“Konuşma tutarsızlığı” (tutarsız dil), bir kişinin konuşmasının muhatap veya dinleyiciler için tutarlı ve anlaşılır olmadığı dilbilimsel bir olgudur.
Genellikle bu fenomen, şizofreni, gelişimsel bozukluklar vb. gibi bilişsel bozukluklarla ilişkilidir. Bozukluk aşağıdakileri ima eder: bir kişi cümleleri seçme ve formüle etmede zorluk çeker, konuşma sırası bozulur, kelimelerin cümle içinde yanlış yerleştirilmesi, konuşma sorunları Cümlelerin başında ve sonunda konuşma çok hızlı ya da tam tersi çok yavaş olabilir. Ancak duygu bozuklukları, bilgiyi algılamada zorluk vb. sorunlar yaşayan kişilerde de tutarsızlıklar görülebilmektedir.
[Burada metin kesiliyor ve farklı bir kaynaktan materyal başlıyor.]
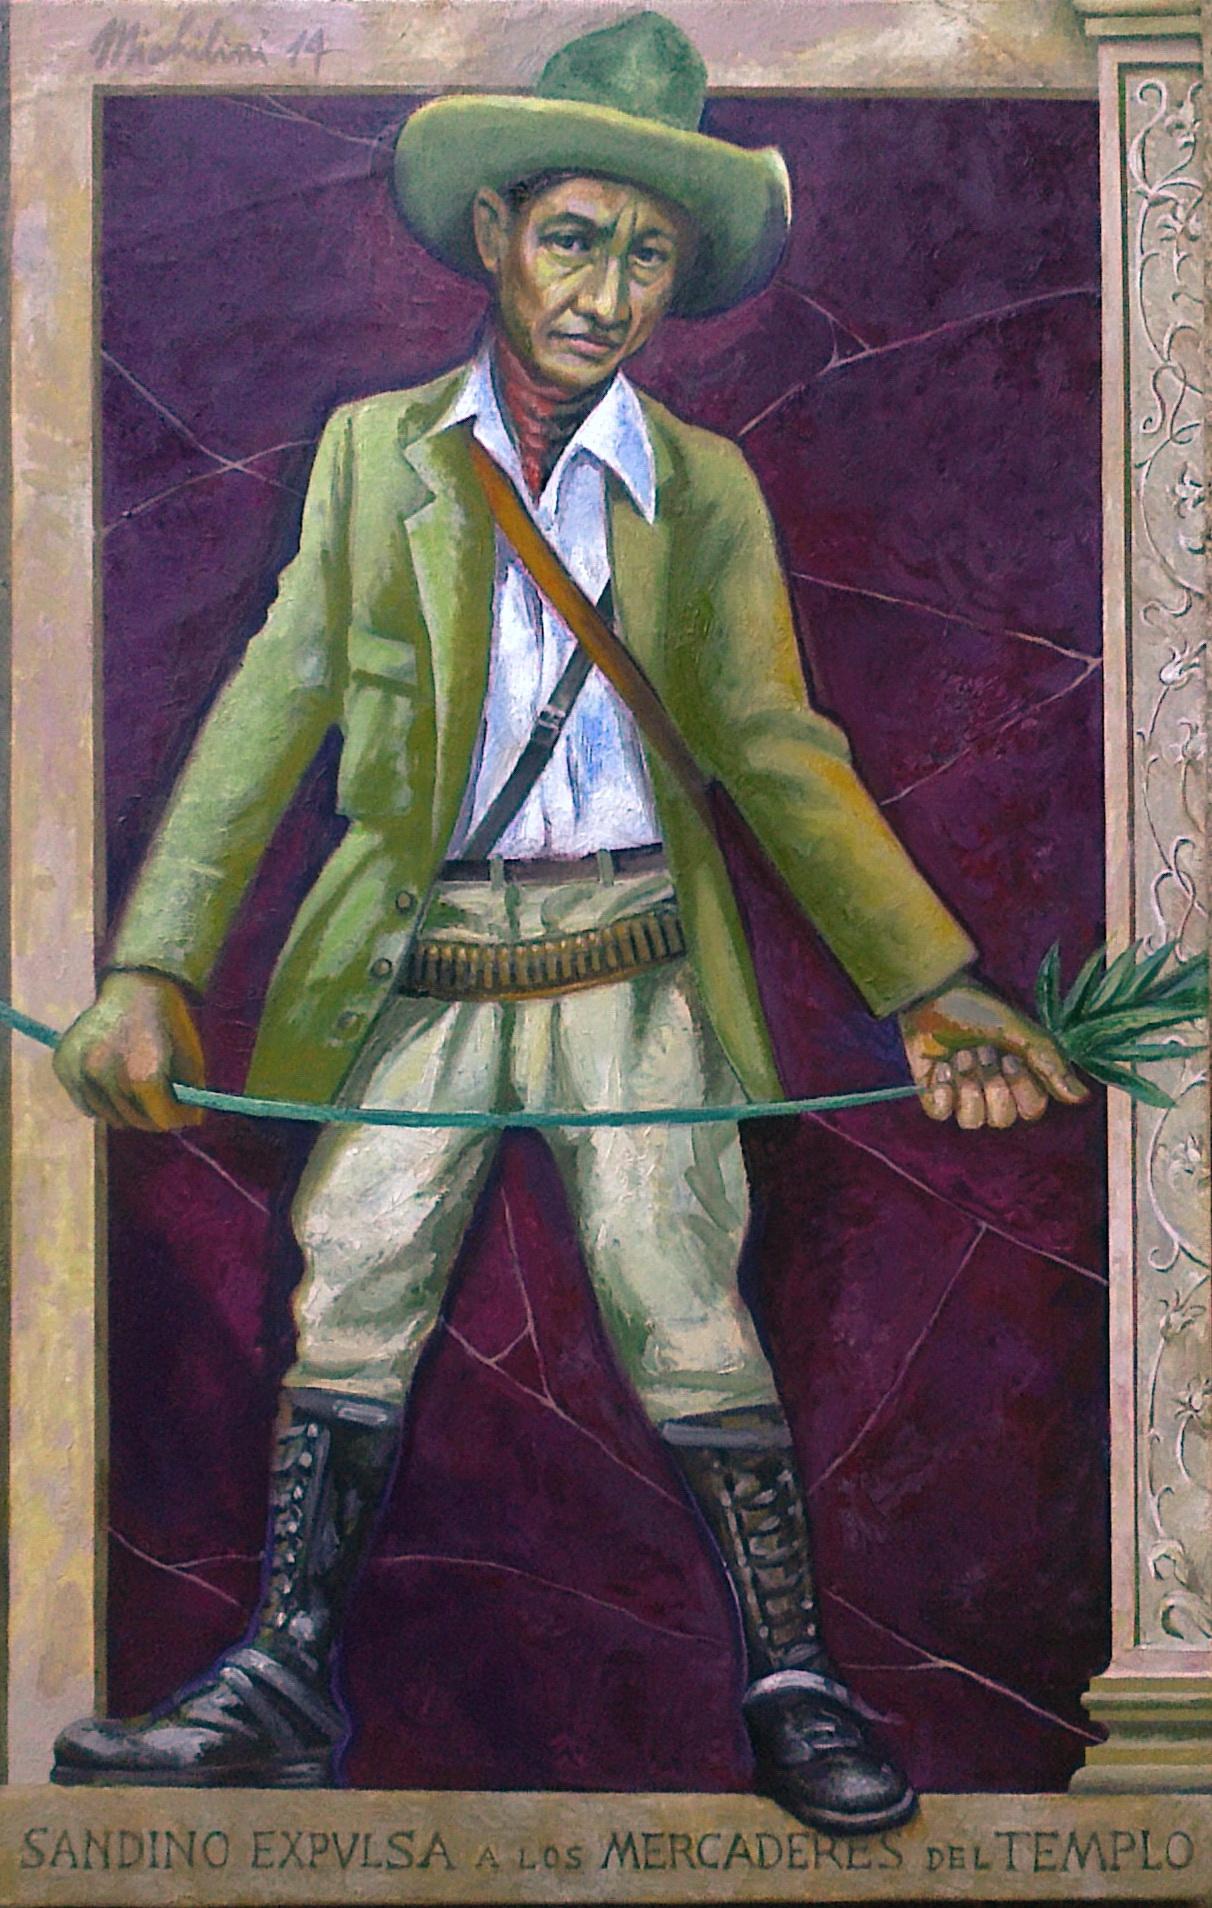 Sergio Michilini, SANDINO EXPULSA A LOS MERCADERES DEL TEMPLO, 2014, oleo sobre tela, cm.110x70

Çoğu durumda, konuşma enkogerisinin nedenleri kafatasının içinde gizlidir ve hepimizin bildiği dış etkenlerle çok az benzerlik taşır. Bu, özellikle sinir sisteminde sıklıkla bu tür bir dengesizlik geliştiren ve beynin sol ve sağ yarıküreleri arasındaki iletişimin bozulmasına yol açan yaşlı insanlar için geçerlidir. Genellikle sağlıklı insanlarda zekanın bir özelliği olan ve sadece beynin sağ yarım küresinin çalışmasının sonucu olan şeyin, "yaşlı insanların" vücudunda bir patolojiye dönüştüğü ortaya çıktı. Ve örneğin psikotravma, depresyon, uyuşturucu bağımlılığı nedeniyle gençlerde açıldığında, makul sorular ortaya çıkıyor: tüm yaptığı zaten tutarsızlığa yol açıyorsa, insanlar neden bir kafaya ihtiyaç duyuyor? Böyle durumlarda, bilim adamlarının bu süreci incelemesi halinde, farkında olmadan gençlerin konuşmalarını, hafızalarını geliştirmelerine, dikkatlerini güçlendirmelerine, duygu ve hafızalarını geliştirmelerine yardımcı olacak gibi görünmeye başlıyor. İşte Incoherania böyle bir şey; dile dair birçok fikrin ölümü...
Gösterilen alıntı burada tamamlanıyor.